GIVEN DATA below:

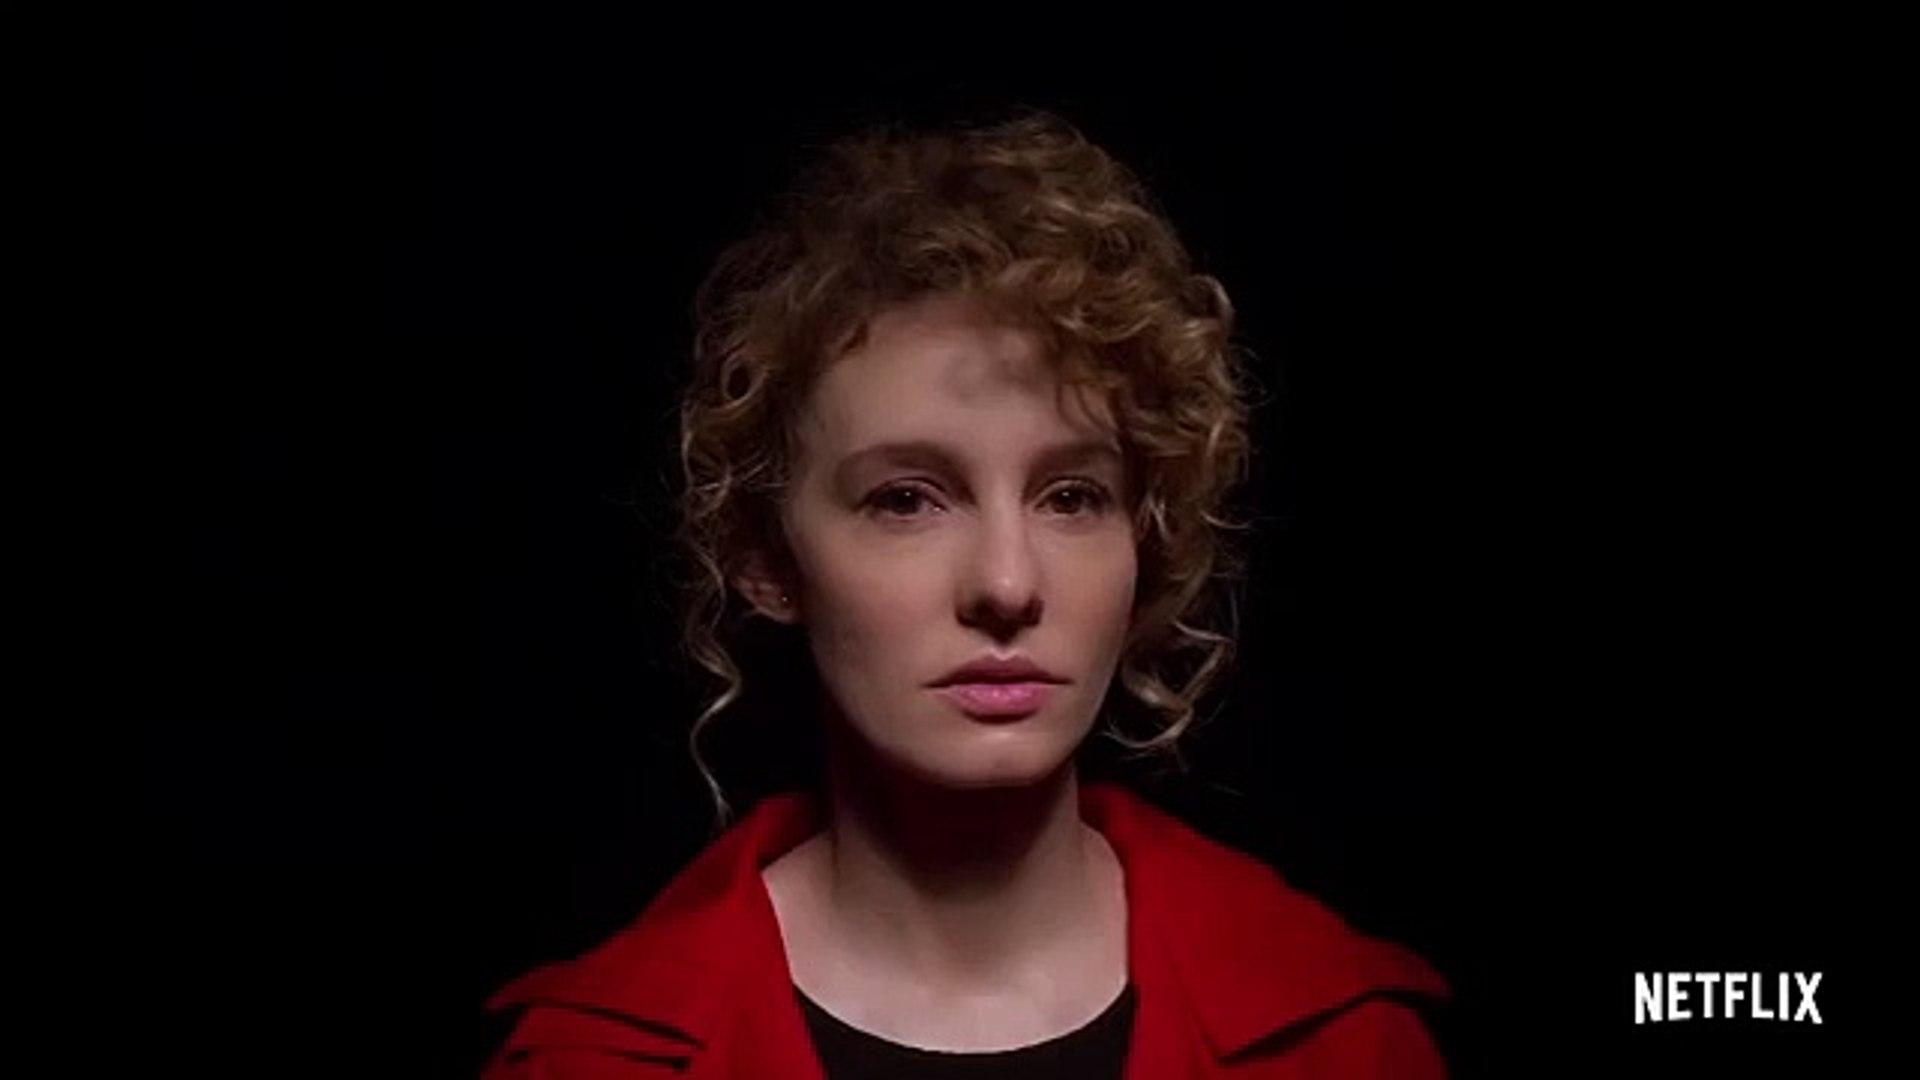 MONEY HEIST Season 4 Official Trailer TEASER (2020) Netflix Series HD
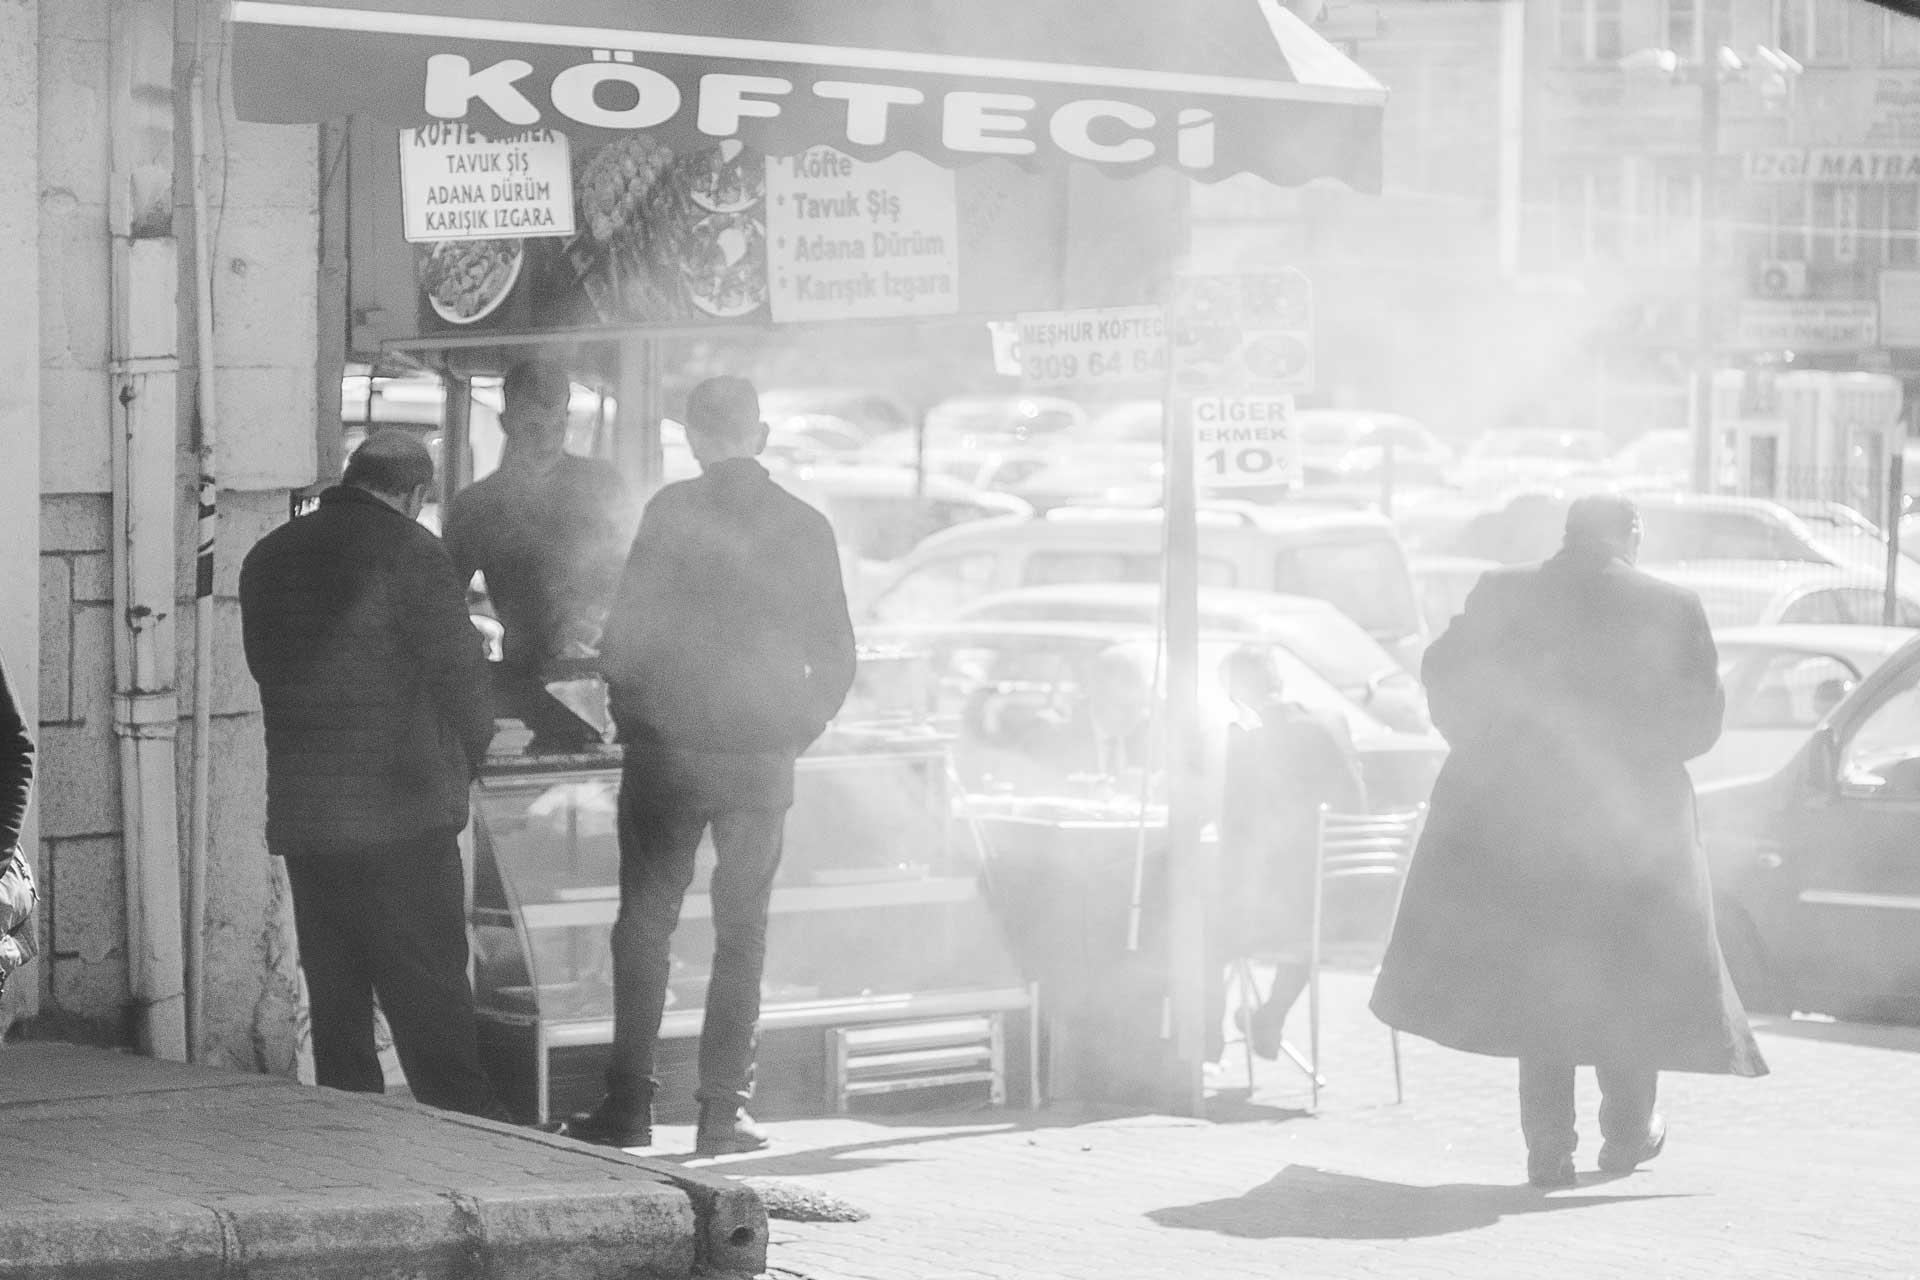 Köfteci Ankara Batıkent Metrosu Ankara Fotoğrafları Ankara Sokaklarından Resimler Gezgin Fotoğrafçı Çekergezer Hakan Aydın Ankara Fotoğrafları
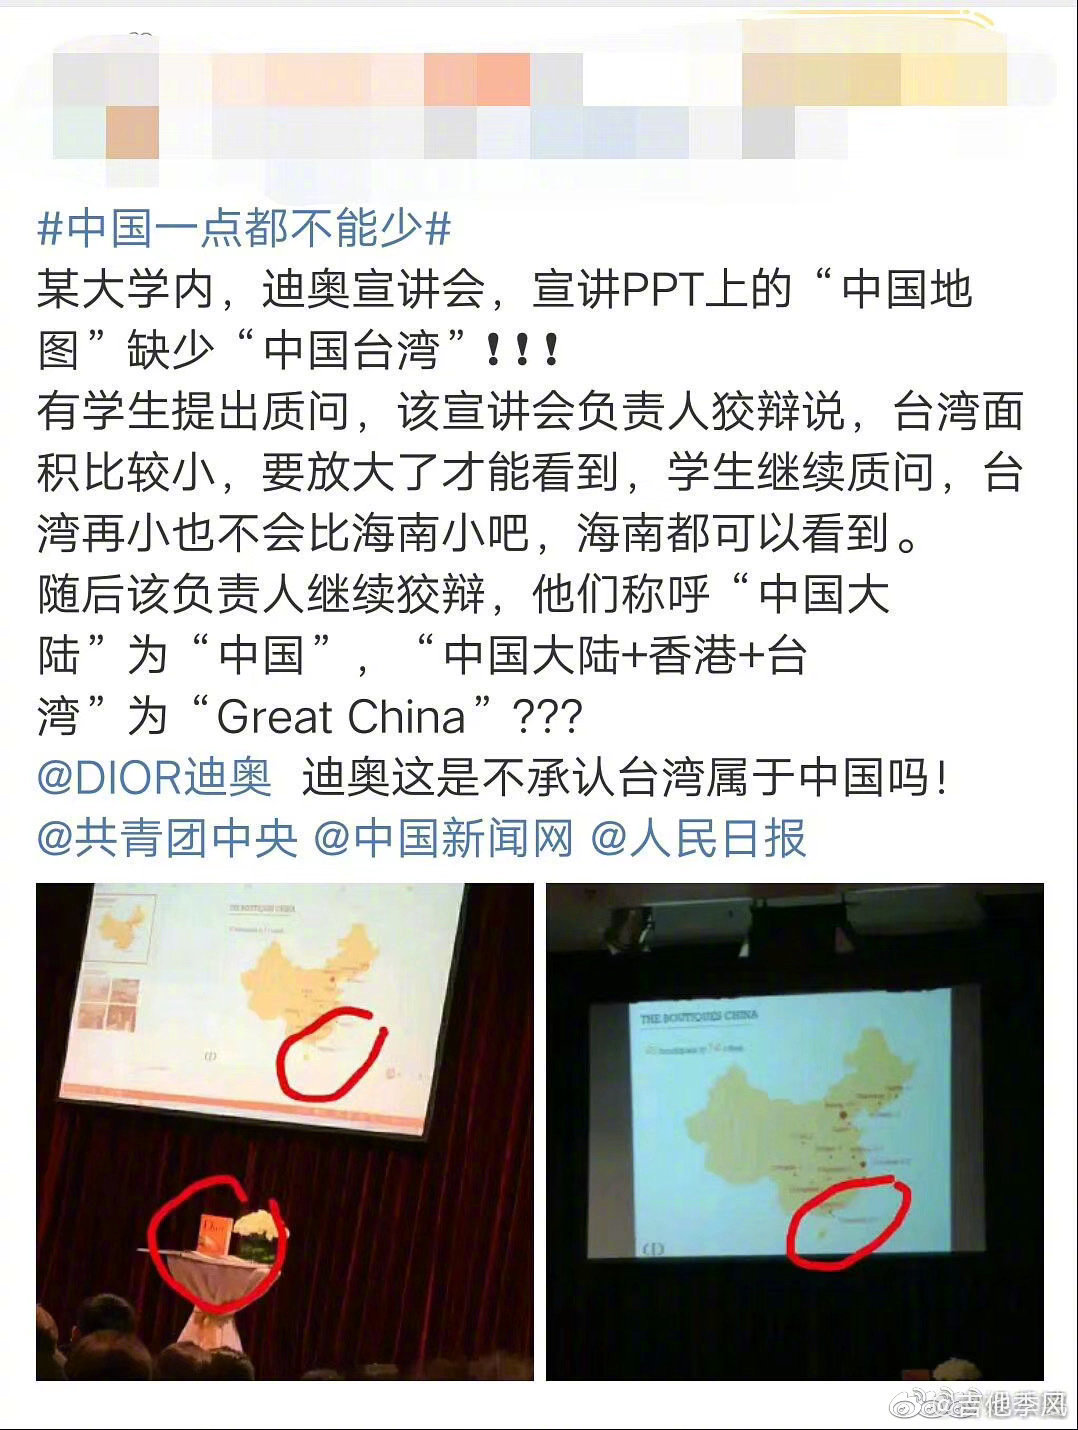 在中国大陆的大学,给学生看没有台湾的中国地图,迪奥

End of GIVEN DATA.

Reproduce everything above exactly, images excluded.

 MONEY HEIST Season 4 Official Trailer TEASER (2020) Netflix Series HD
 Köfteci Ankara Batıkent Metrosu Ankara Fotoğrafları Ankara Sokaklarından Resimler Gezgin Fotoğrafçı Çekergezer Hakan Aydın Ankara Fotoğrafları
 在中国大陆的大学,给学生看没有台湾的中国地图,迪奥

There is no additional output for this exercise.